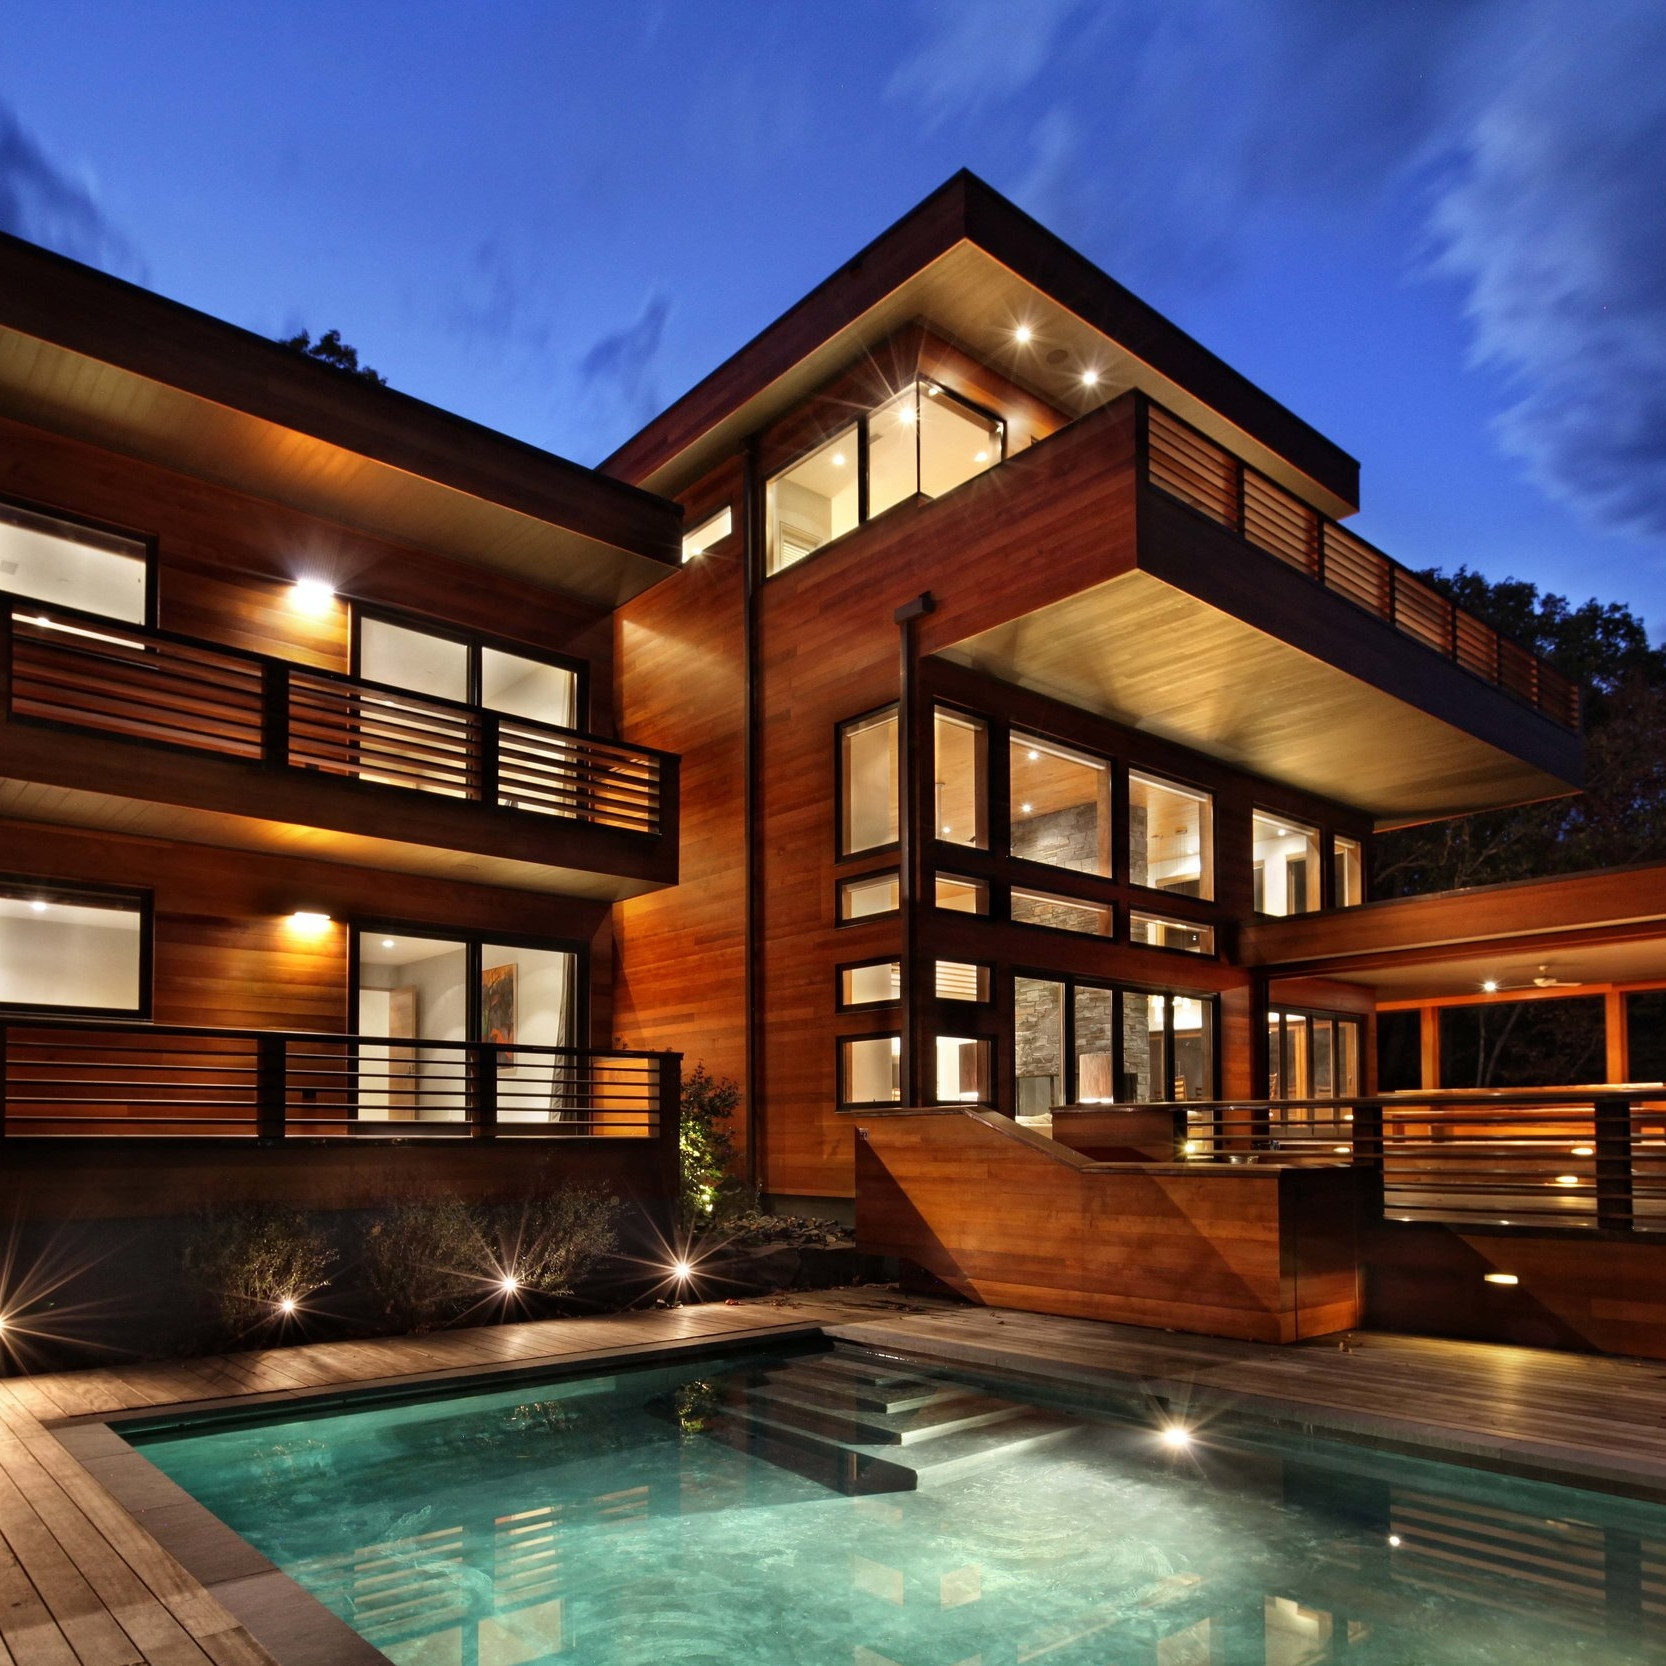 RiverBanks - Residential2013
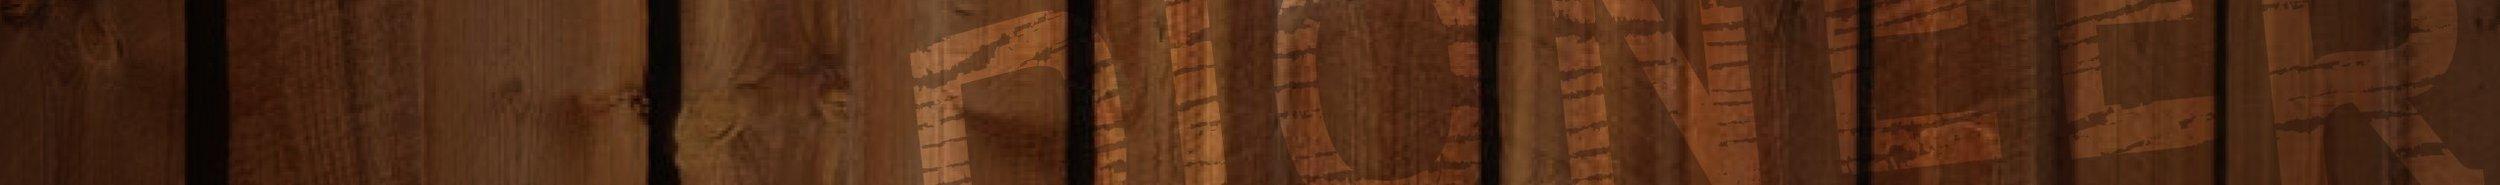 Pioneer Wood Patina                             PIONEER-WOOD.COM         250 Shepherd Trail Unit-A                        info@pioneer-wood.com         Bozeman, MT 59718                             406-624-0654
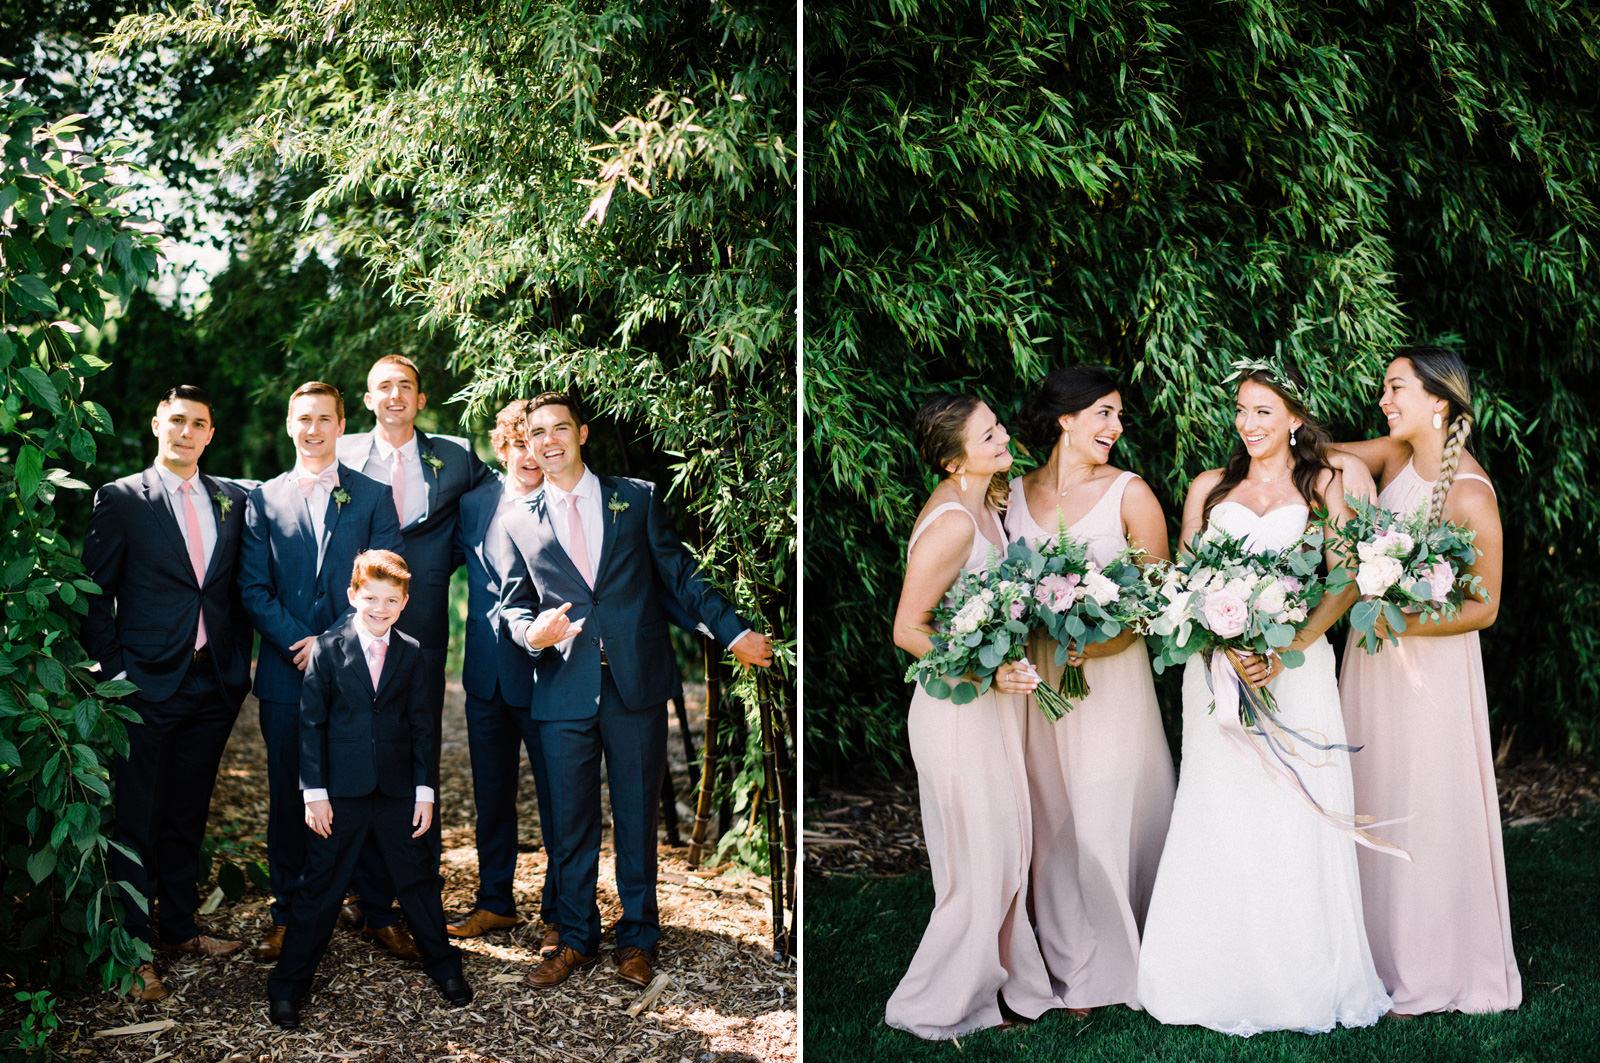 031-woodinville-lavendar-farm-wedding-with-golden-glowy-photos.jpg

*YOUR GOAL*.
The full listing, reproduced exactly and without pictures, is the expected output.

*SOLUTION TO THIS EXERCISE*.
 RiverBanks - Residential2013
 Pioneer Wood Patina                             PIONEER-WOOD.COM         250 Shepherd Trail Unit-A                        info@pioneer-wood.com         Bozeman, MT 59718                             406-624-0654
 031-woodinville-lavendar-farm-wedding-with-golden-glowy-photos.jpg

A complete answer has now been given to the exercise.